Deltares, Wageningen University: New Approach to Hydrological Modelling

Business & Finance

Water managers are continuously making decisions to guarantee water safety. These decisions relate to the short term, for example ongoing droughts or, precisely, when there is a risk of flooding. But they can also affect the long term given the more extreme events caused by climate change.

Image source: Deltares

All these decisions have one thing in common: they are often grounded on results from hydrological models.

Researchers from Deltares and Wageningen University studied a new design for a model of this kind for the Rhine. The results were published recently in the AGU journal ‘Water Resources Research’.
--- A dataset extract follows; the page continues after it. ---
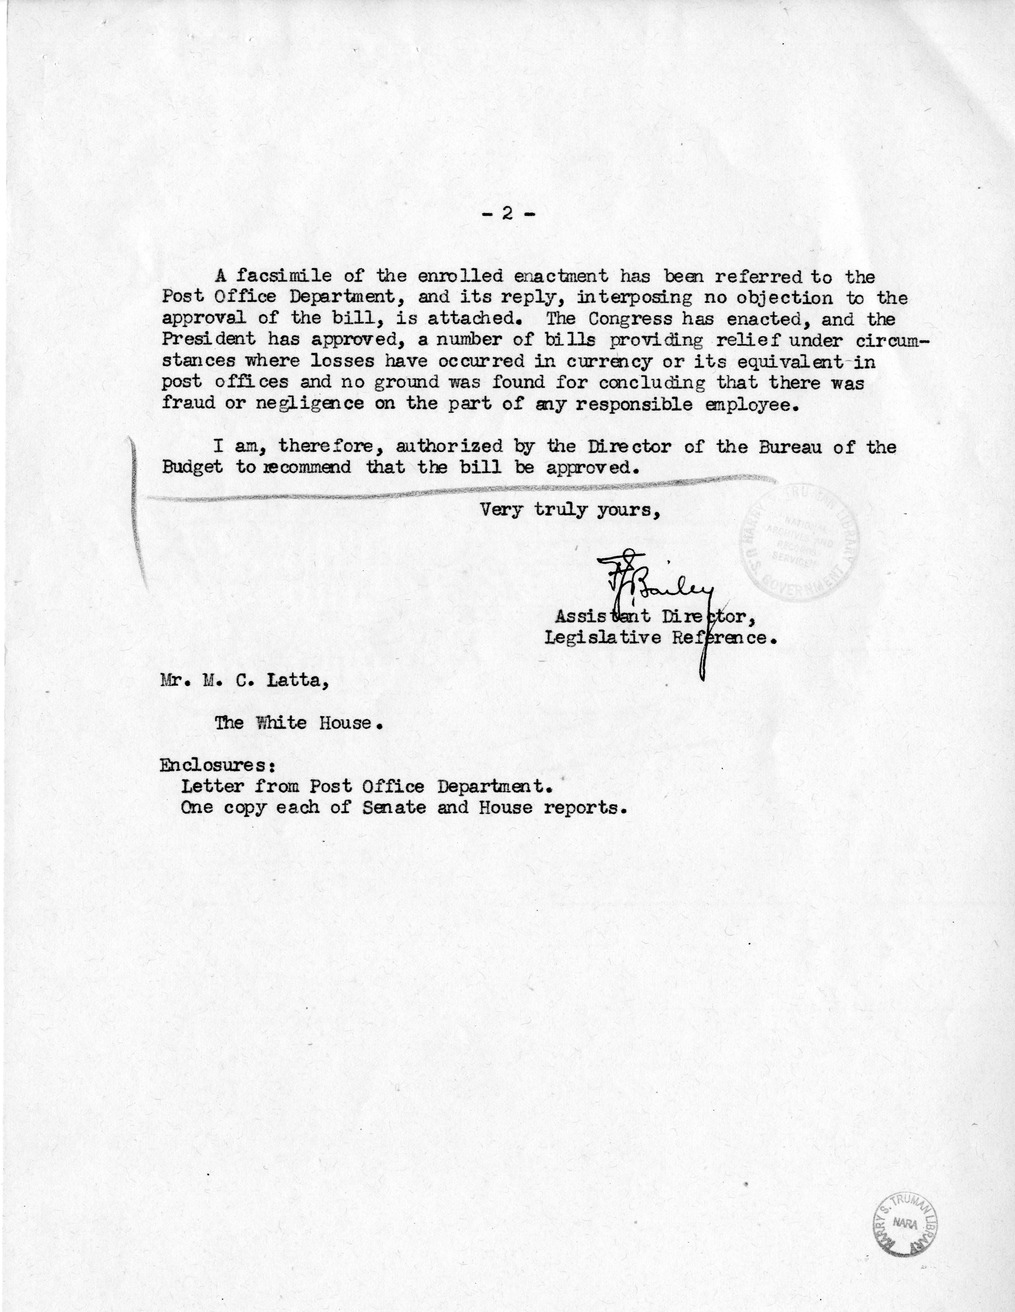 Memorandum from Frederick J. Bailey to M. C. Latta, H.R. 1456, for the Relief of George E. Baker, with Attachments

Designing a model like this and setting it up for a specific river basin involves a lot of challenges. In particular, setting up the parameters of the model is often thought to be a difficulty. Parameters in a hydrological model are used to link the behavior of the model to that of the river for which the model is set up.

Current hydrological models are spatially distributed, which means that they divide the river basin into small cells of, for example, one square kilometre. A set of parameters are in place for each cell.

“Until now, the parameter values were determined using calibration methods that were applied to all the model parameters. However, with the ongoing increase in spatial resolution that we use to model river basins, this approach is becoming an unattainable multidimensional challenge,” said Deltares.

In this study, the parameters of a hydrological model were estimated using experimental functions from the literature that have been derived in laboratories worldwide.

The functions use freely available information about the locality – such as soil, vegetation and land use data – to estimate physical properties.